Constitutional Checks

is_concise (unary): This is a constitutional check that uses a secondary LLM to evaluate whether the output is concise.

no_legal_advice (unary): This is a constitutional check that determines if the LLM explicitly gives legal advice.

is_coherent (unary): This determines if the output logically flows together and makes sense within the context of the prompt.

is_polite (unary): Ensures the output does not contain any impolite language.

progresses_conversation (unary): Ensures the output moves the conversation forward.

grammar (unary): Ensures the output is grammatically correct.

Safety

is_safe: Checks that it does not contain content of one of the following categories: hate, harassment, self-harm, sexual content, or violence.

safety_consistency: Checks that the safety of the criteria is the same as the safety of the output. So, if the criteria contains violent content, it would check that the output also contains violent content. This operator is useful to ensure that an LLM is not censoring sensitive content when that is not desired.

Basic Checks

includes_exactly: Determines whether the output includes the words provided, in their exact form.

excludes_exactly: Determines whether the output excludes the words provided, in their exact form.

equals_exactly: Determines whether the output matches the words provided, in their exact form.

less_than_length: Ensures that the output is under a given number of characters.

Syntax Check

valid_json (unary): Ensures that the output is JSON parseable.

valid_yaml (unary): Ensures that the output is YAML parseable.

regex: Evaluates an arbitrary regex pattern against a given input string.

matches_json_schema: Provide a JSON schema file to define the fields/attributes/types that are are expected for an output and ensure that these expectations are met.

Format Checking

list_format: Ensures the output is formatted as a list or other enumeration

paragraph_format: Ensures the output is formatted as one or multiple distinct paragraphs

matches_format: Ensures that the output and the criteria are formatted in the same way.

Hallucination Checking

is_not_hallucinating: Ensures that any entities found within the output can also be found verbatim via a Google search. This is especially useful for legal cases: for example, if the LLM mentions “Jeffords v. NY Police Department”, the LLM will determine if this case exists.

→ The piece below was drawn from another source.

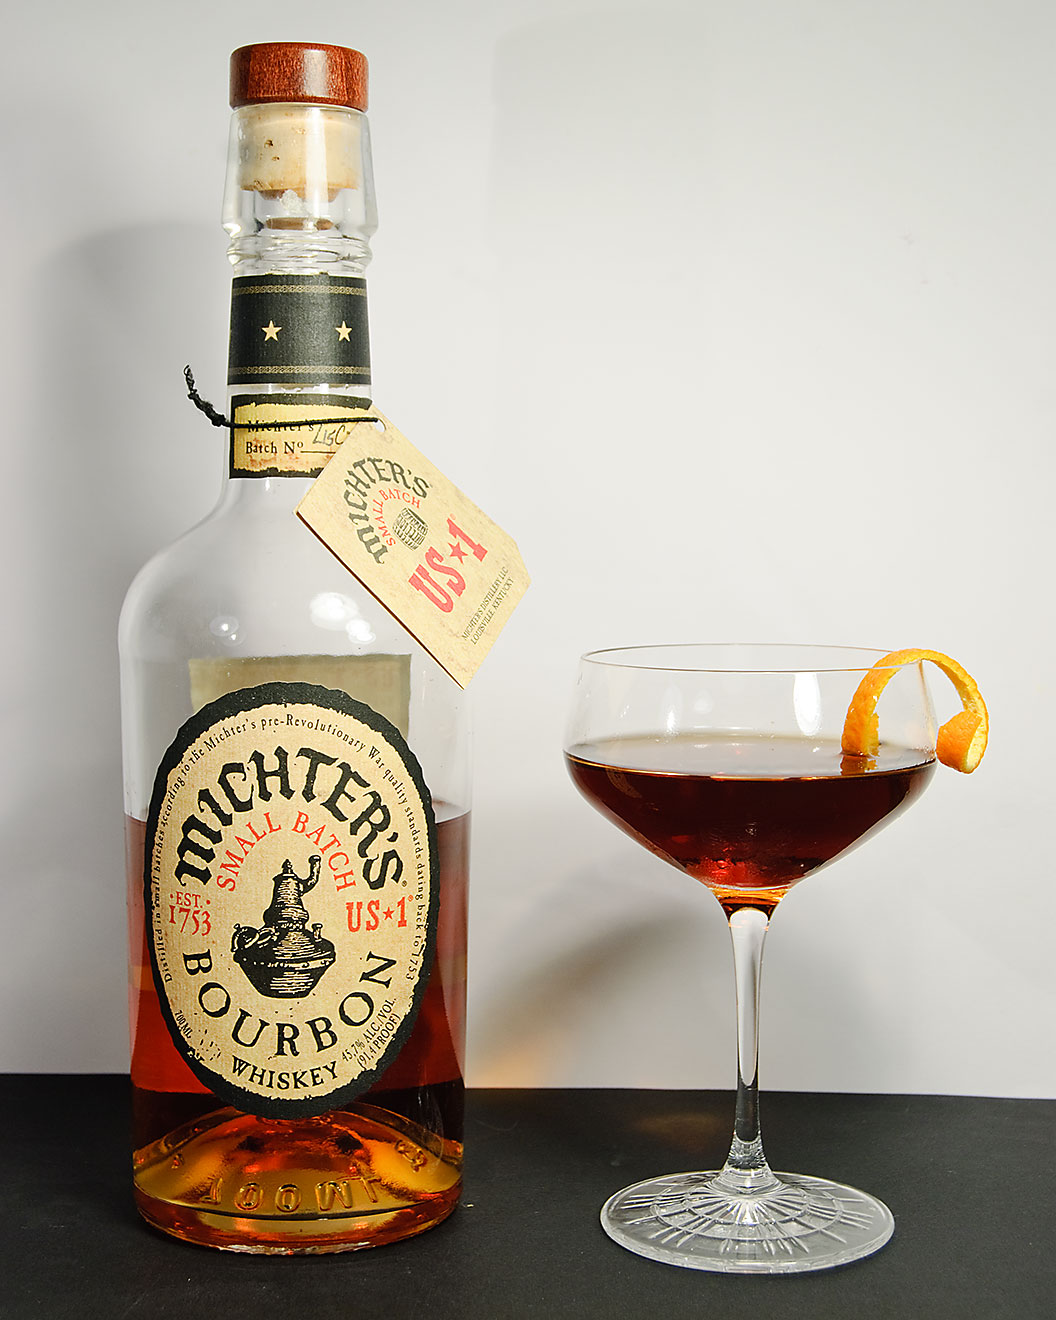 Michter's US *1 Small Batch Bourbon Whisky dans un cocktail revolver avec liqueur de café et amers à l'orange.

consistent_with_files: If any files are uploaded, this ensures that the LLM output does not contradict information contained with the files.

consistent_with_context: If the “Context” feature is used, this ensures that the LLM output does not contradict the information within the context provided.

Example Operator Usage

You can see example checks for every operator by navigating to the test suites page, clicking “Import Quick Start Test Suite”, then choosing Suite Family: “Basic Examples” and “operator_examples”.